Data below: Begin

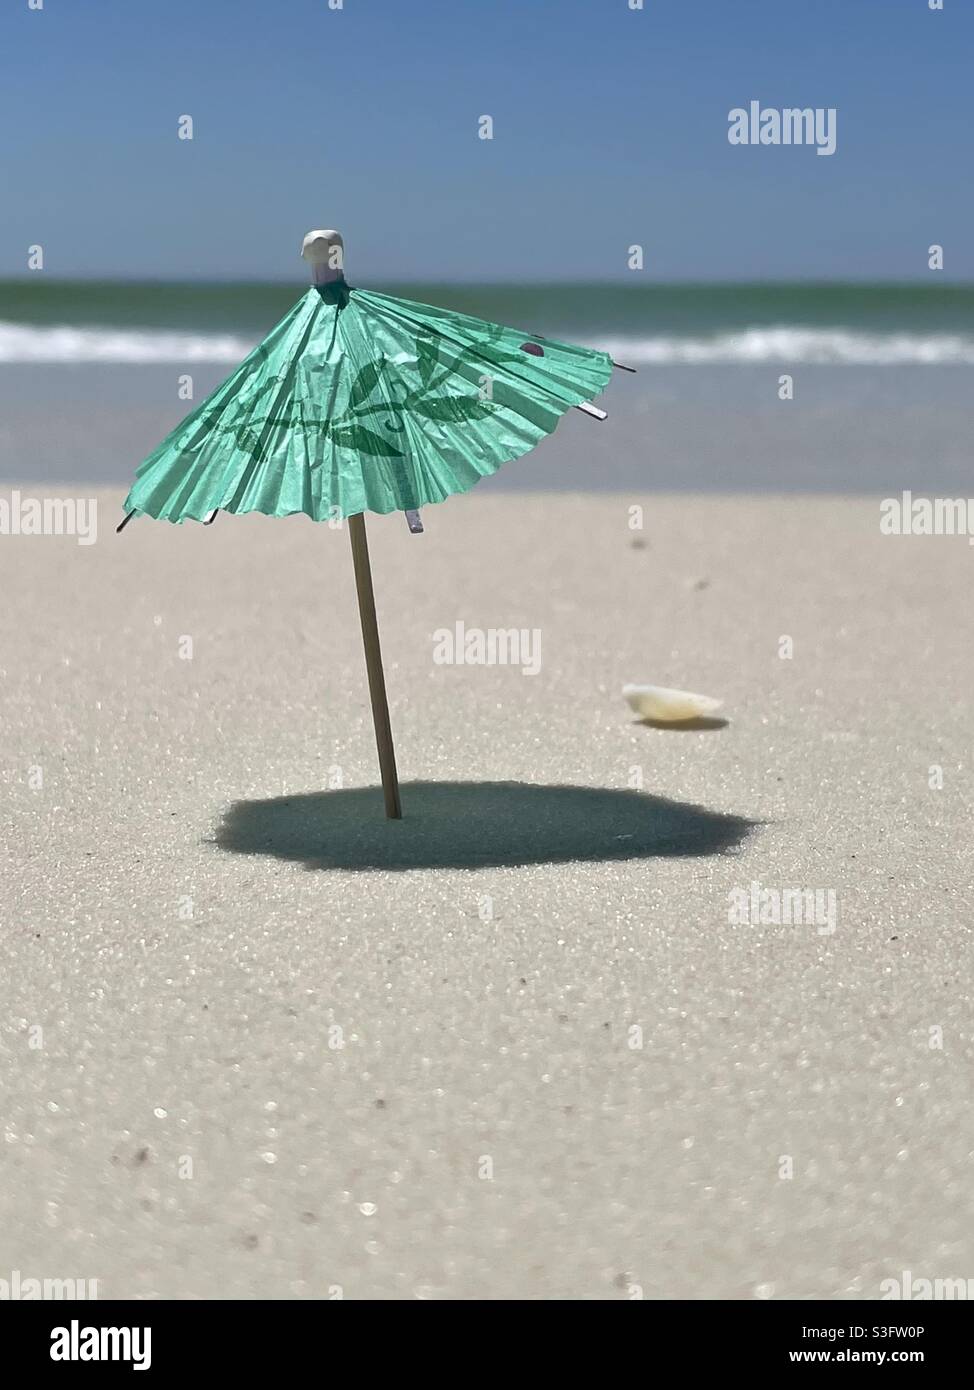 Select focus on a miniature umbrella on beach sand Stock Photo
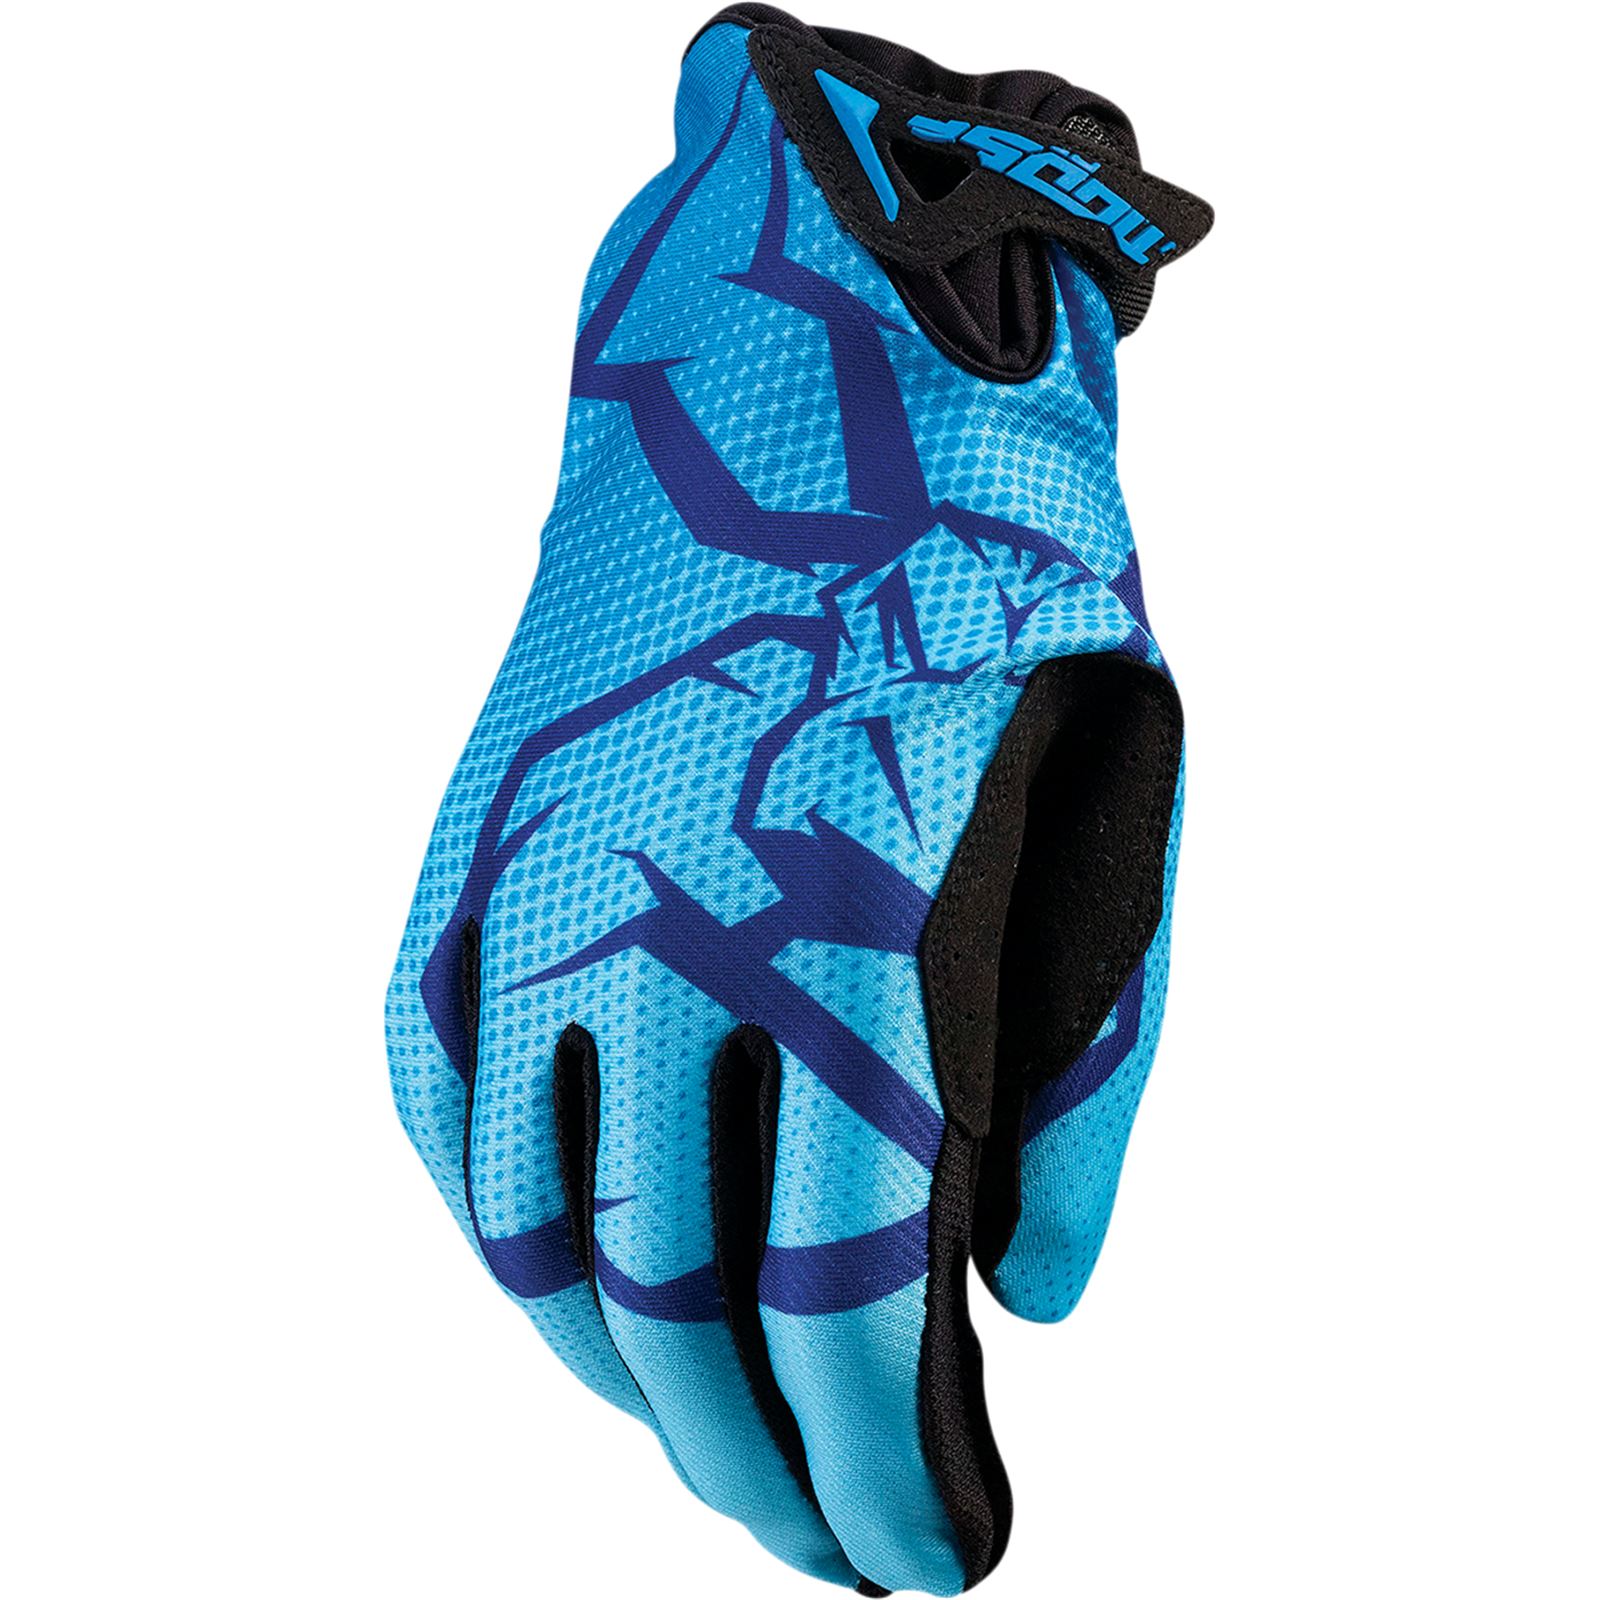 Moose Racing Agroid Pro Gloves - Blue - Large
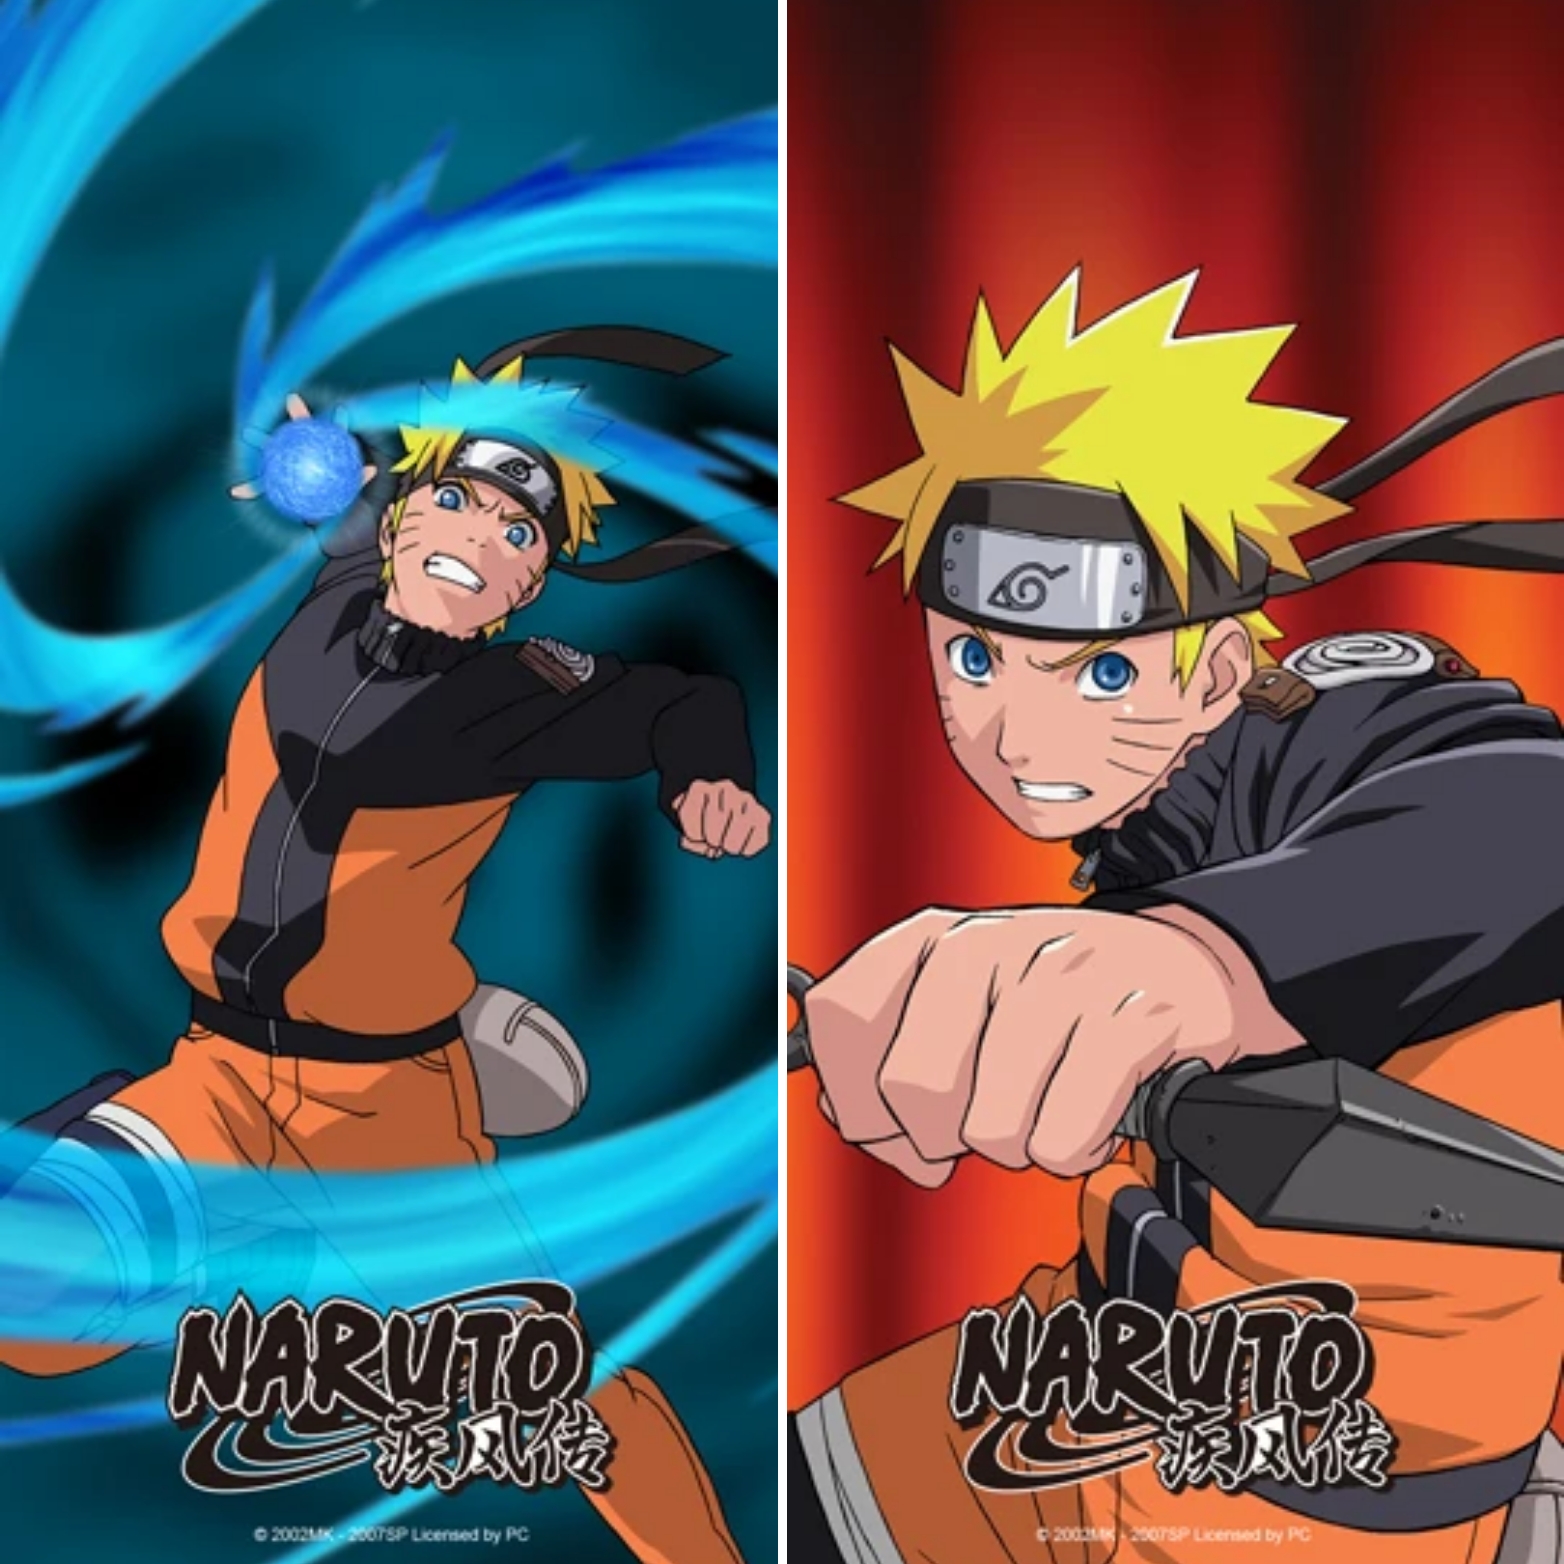 Realme GT Neo 3 Naruto Edition Wallpapers

Data below: End

◆ **The problem**
From the first line to the last, retype the data exactly, but omit every image.

◆ **Answer for the task**
 Select focus on a miniature umbrella on beach sand Stock Photo
 Moose Racing Agroid Pro Gloves - Blue - Large
 Realme GT Neo 3 Naruto Edition Wallpapers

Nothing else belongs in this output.